▶ Directions
What needs reproducing is the run of lines in the data below starting at the line with "Jaguar I-Pace Brand" and ending at the line with "Fiesta Non-Thermal 3ply", both ends included. Copy it exactly, without pictures, and add nothing.

▶ Given records
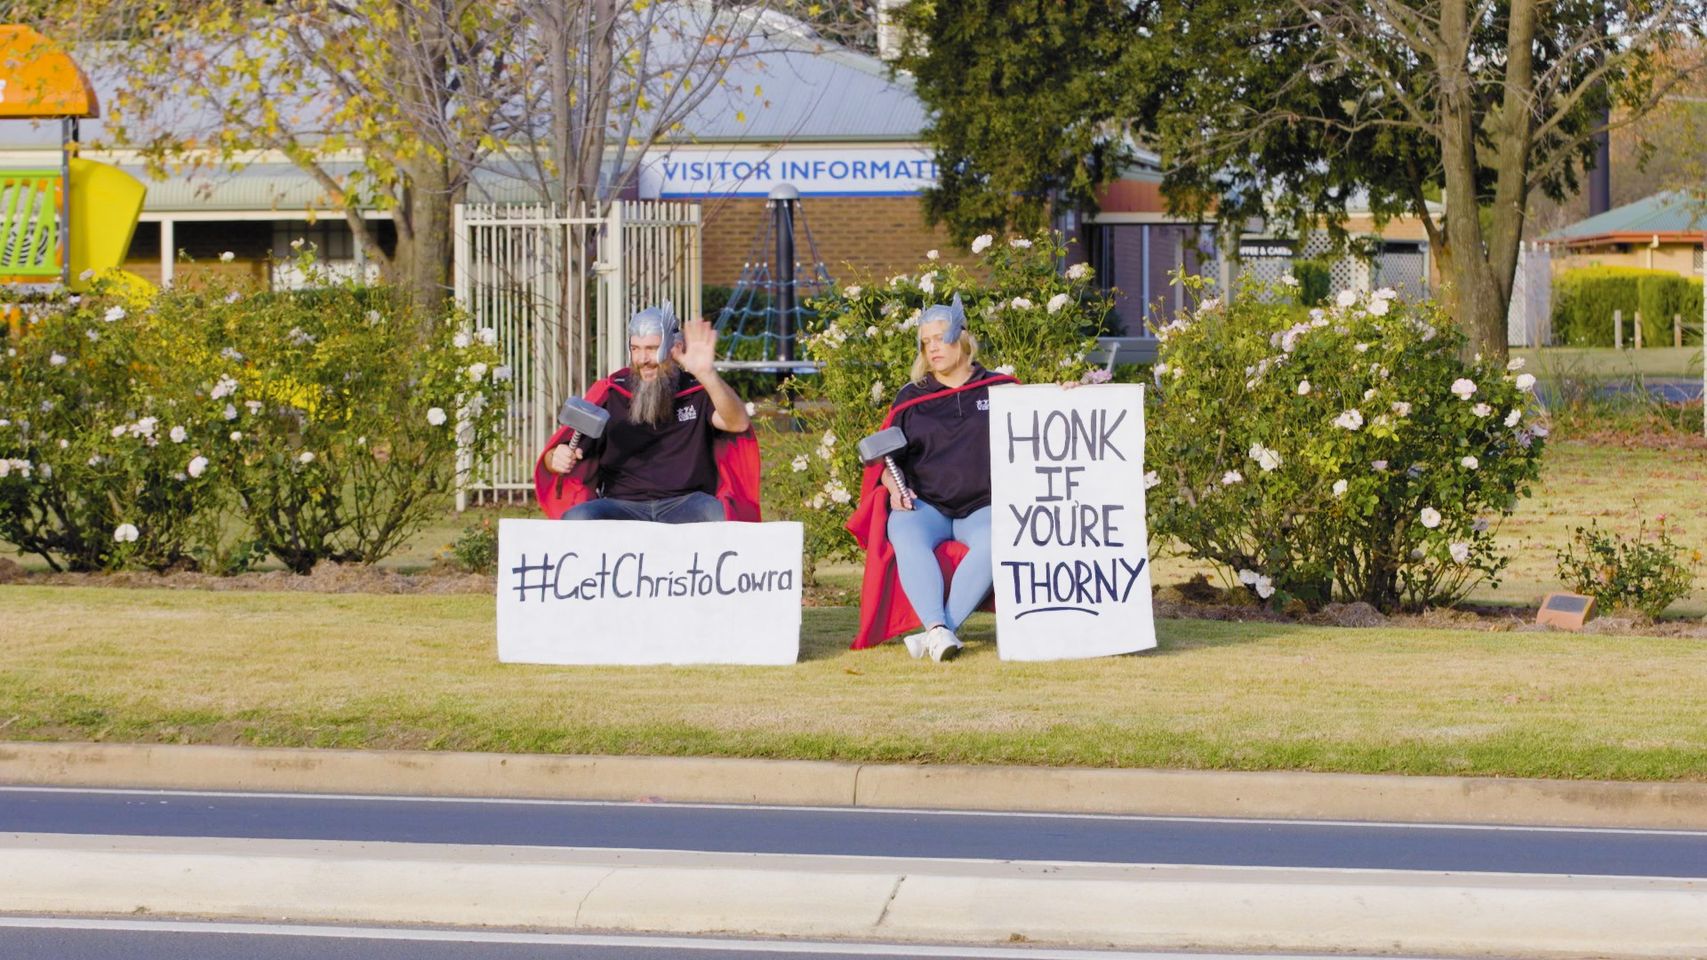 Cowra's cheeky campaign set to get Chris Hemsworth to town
...
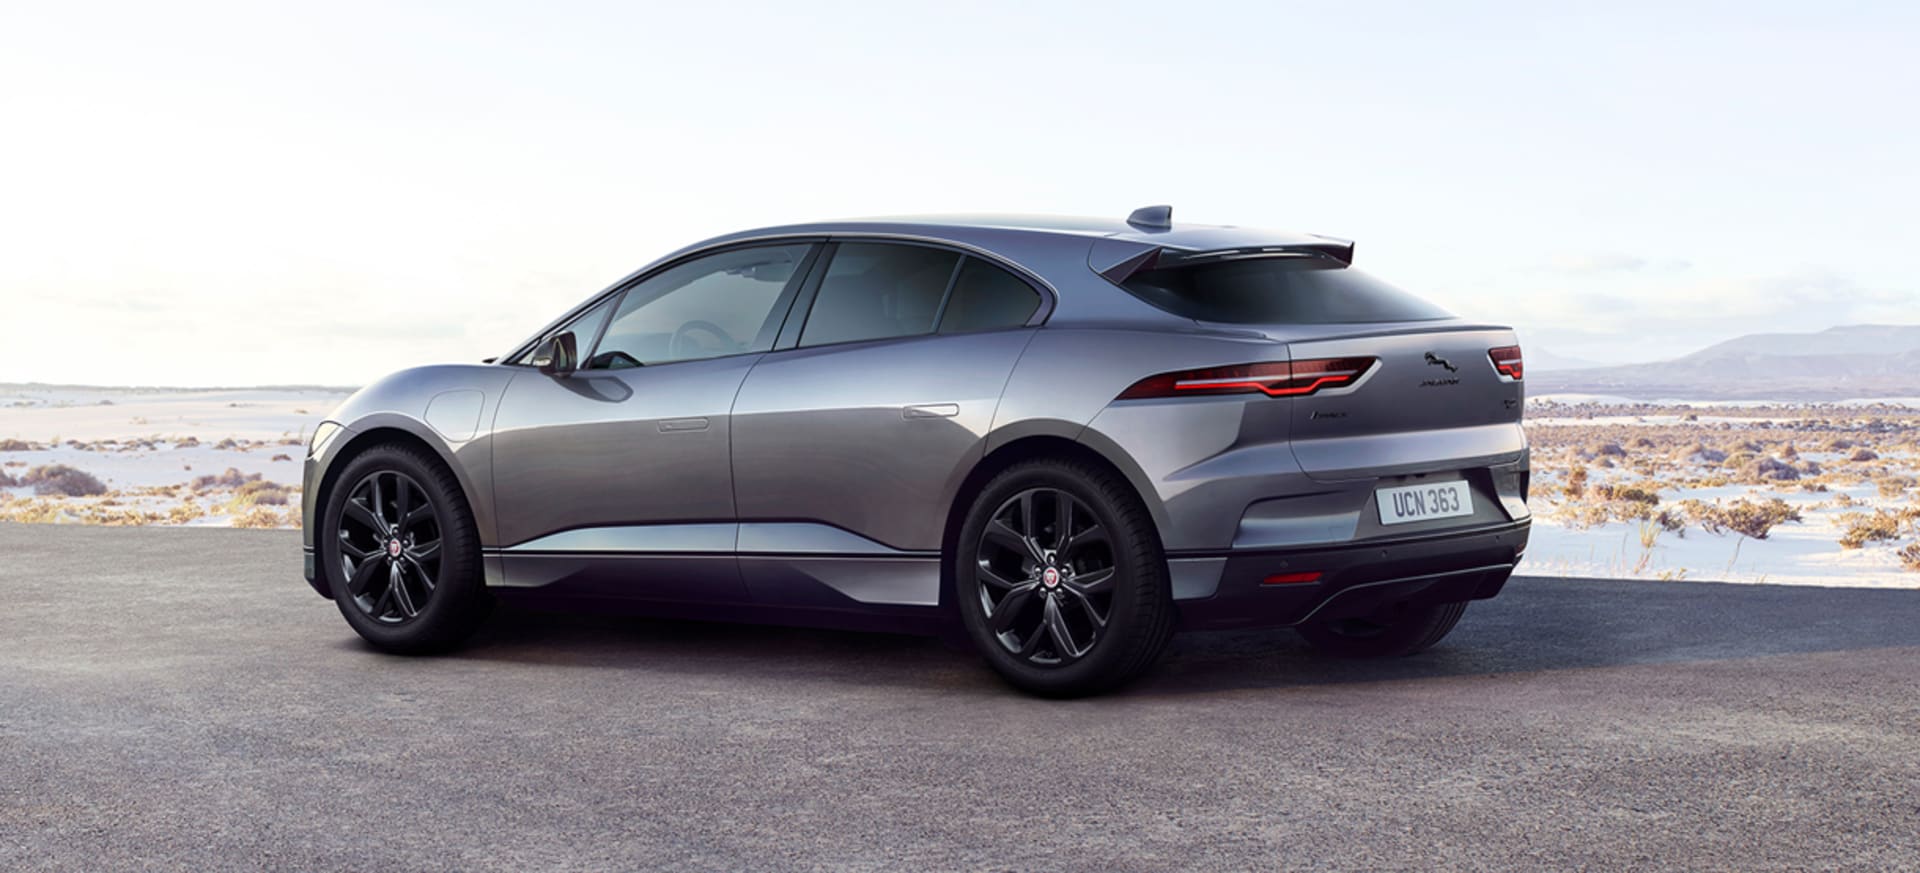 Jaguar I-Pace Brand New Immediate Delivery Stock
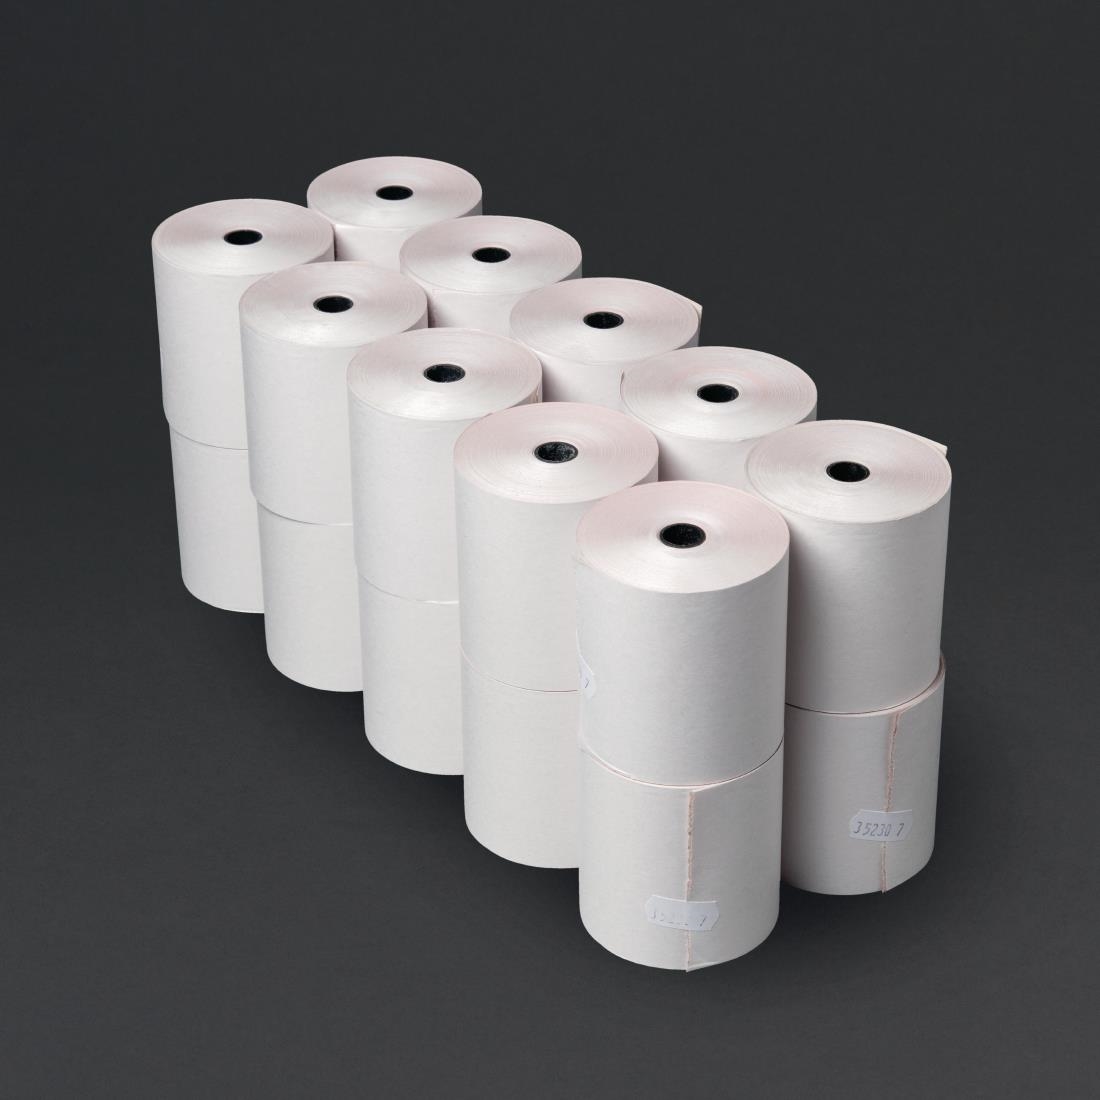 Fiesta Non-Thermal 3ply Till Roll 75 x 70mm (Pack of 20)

▶ Written response
 Jaguar I-Pace Brand New Immediate Delivery Stock
 Fiesta Non-Thermal 3ply Till Roll 75 x 70mm (Pack of 20)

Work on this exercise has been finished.